1. Determination of cytotoxic T lymphocyte activity against
human spleen cells and
estimation of microchimerism
for tolerance measurement
M. Schenk, P. Kaur Gill, A. Königsrainer
Department of General, Visceral and Transplant Surgery,
University Hospital, Tuebingen
Objective
Clinical organ transplantation between genetically disparate individuals presently requires non-specific immunosuppressive agents to prevent rejection.
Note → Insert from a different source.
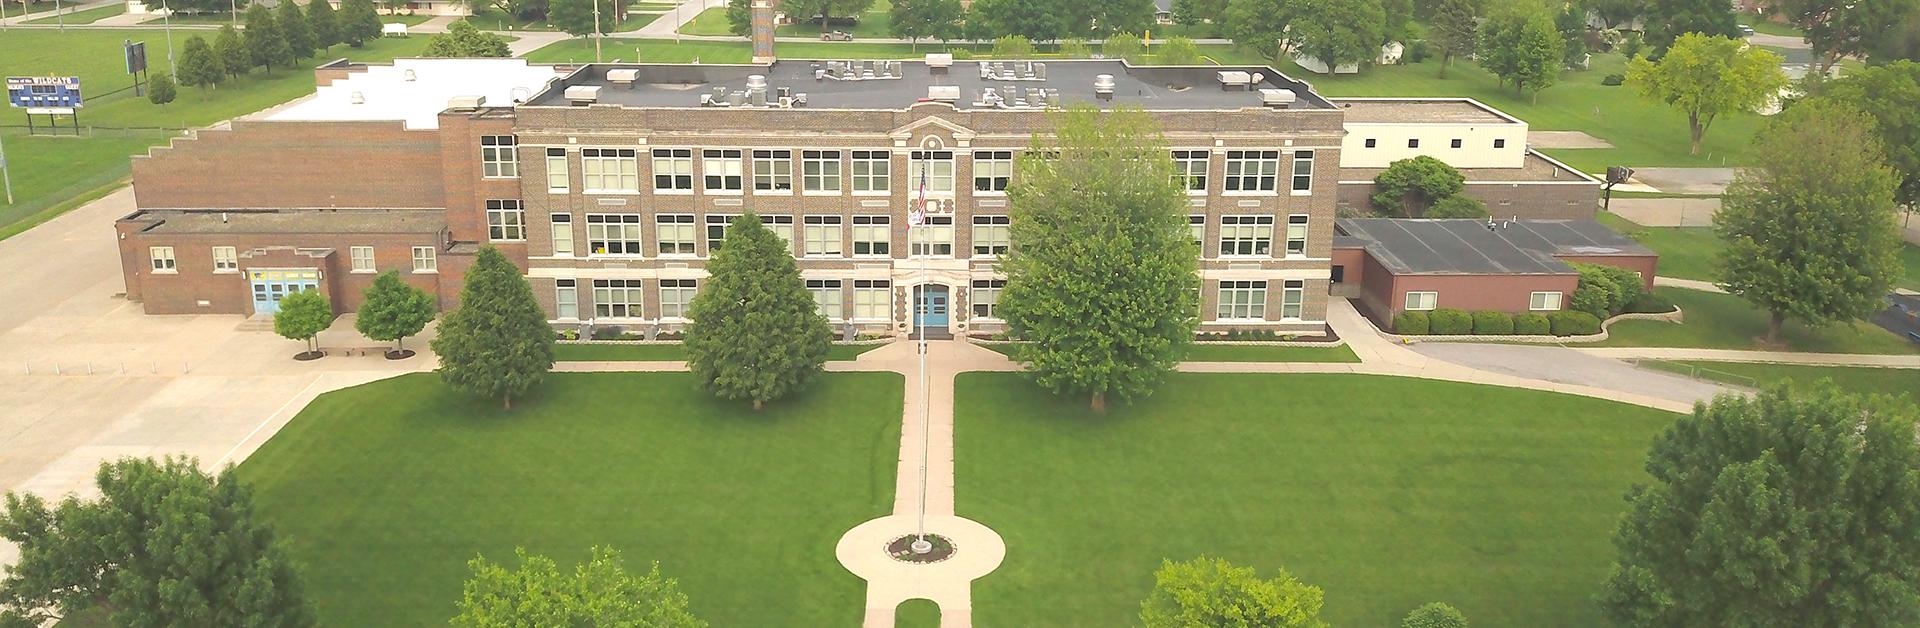 Front View School

However, the use of immunosuppressive drugs caused side effects and does not always guarantee success of the graft. Therefore, there is a need to establish methods of “donor specific transplantation tolerance” and that could not be achieved directly in patients. So, aim was to establish mixed lymphocytes culture (MLC) and fluorescence activated cell sorting (FACS) cytotoxicity assay and a very sensitive assay for microchimerism based on cytospin preparation of peripheral blood lymphocytes.
Materials and Methods
In this study, the spleen cells and PBMC from different patients were stimulated with different concentration of Con-A (2-6 µg) up to 6 days. Than, spleen cells were labelled (5x105 cells/ml in PBS buffer) with 3 µM of Dio18(3) for 45 min at 37°C, 5% CO2. Dio18 dye remains stably incorporated in the membrane for long periods of time (20 days). The MLC were established by culturing different ratios (1:1, 2:1, 4:1) of unstained PBMC (effectors lymphocytes) with an cells/ml irradiated (30 Gy) spleens cells in RPMI medium supplemented with 50 µg/ml Gentamycin, 10% FCS, 200 mM Glutamin, 10 mM Hespes pH 7.2 and 2 µg Con-A into 96 well flat bottom plates. After different time intervals, the cells suspension were harvested and by adding PI to samples, FACS analysis was carried out on a FACScan cytometer. By excitation at 488 nm with an argon laser, the emission of two fluorochromes was recorded through specific band pass filter 520 nm for Dio18(3) (FL1) and > 425 for PI (FL3). Cytospin preparations of Bw4/Bw6-different donor-recipient combinations were stained with the corresponding antibody.
Results
Maximum stimulation of spleen cells was observed with 2 µg Con-A after 24 h. Whereas, the stimulation of peripheral blood lymphocytes (PBMC) was also with 2 µg Con-A, but after 8 days of activation of PBMC from different patients, generated markedly higher levels of cytotoxicity against targets cells. Maximum reduction of spleen cells (2-3%) in the MLC was observed after 6 days of incubation at 37°C, 5% CO2. The degree of decrease of spleen cells was 95% using PBMCs from healthy persons and from third-party immunosuppressed patient 20%. With PBMC from the recipient no decrease was observed.
Conclusions
In conclusion, the Dio18(3) assay is a quantitative methods for the detection of cell- mediated cytotoxicity and providing a greater insight into the mechanisms of cell-mediated cytolysis by different effector populations. Cytospin preparations provide reproducible results in mircochimerism rates even below 1%. A clinical study using both methods on liver transplant recipients is on the way can make this large change a little bit smaller and shows more or less helpful items in the personal transplant preparation.